At Prime Minister’s Questions in the Commons, Mr Hendry, MP for Inverness, Nairn, Badenoch and Strathspey, said L/Cpl Omondi had “uncontested custody” of his daughter.
“Despite visiting her as often as he can she has been denied a visa because the Home Office claim he hasn’t spent enough time with her,” Mr Hendry said.
“The problem is prime minister, Dennis is a serving soldier in the British Army, he’s stationed at Fort George and has served tours in Afghanistan, Iraq and Cyprus at the behest of the UK government.”
The SNP MP asked the prime minister if she thought the “situation is fair” and if she would look into how to “reunite this loyal soldier and loving father with his daughter”.

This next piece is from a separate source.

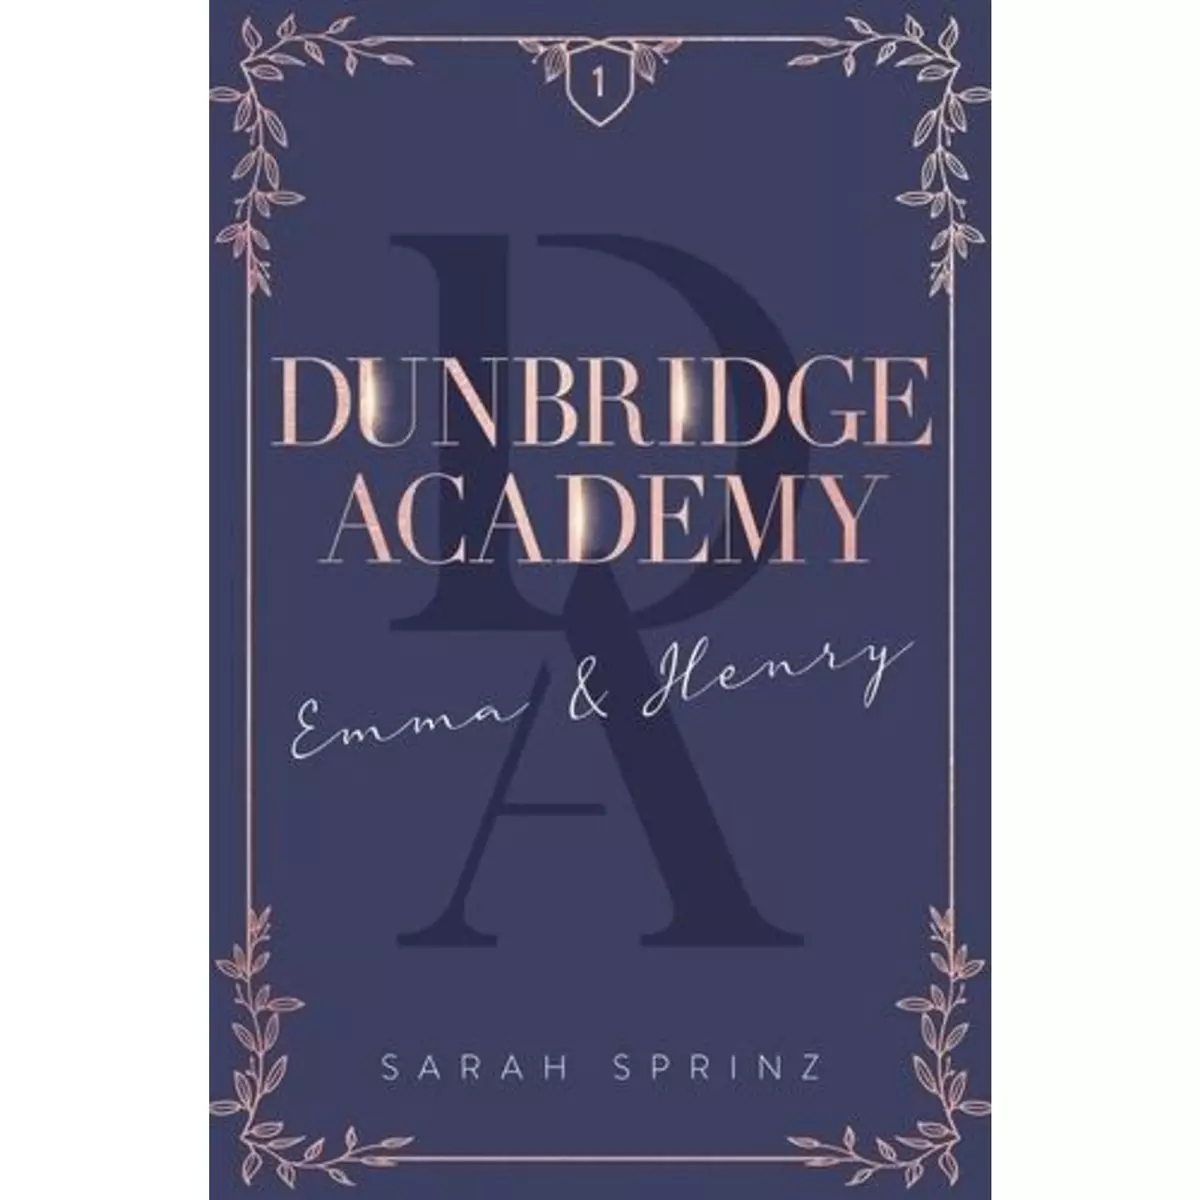  DUNBRIDGE ACADEMY TOME 1 : EMMA & HENRY, Sprinz Sarah

Mrs May replied by thanking L/Cpl Omondi for his service in the British Army and said Home Secretary Sajid Javid would look at the case.
The soldier applied for an entry clearance application for a child in early November which was rejected by the Home Office on November 28.
He has appealed and now faces the prospect of having to reapply and face additional legal fees. According to the SNP, for some years L/Cpl Omondi was unaware he had a daughter. But he had travelled to Kenya every year to see her since he learned of her existence in 2012.
He has also paid for her boarding school fees.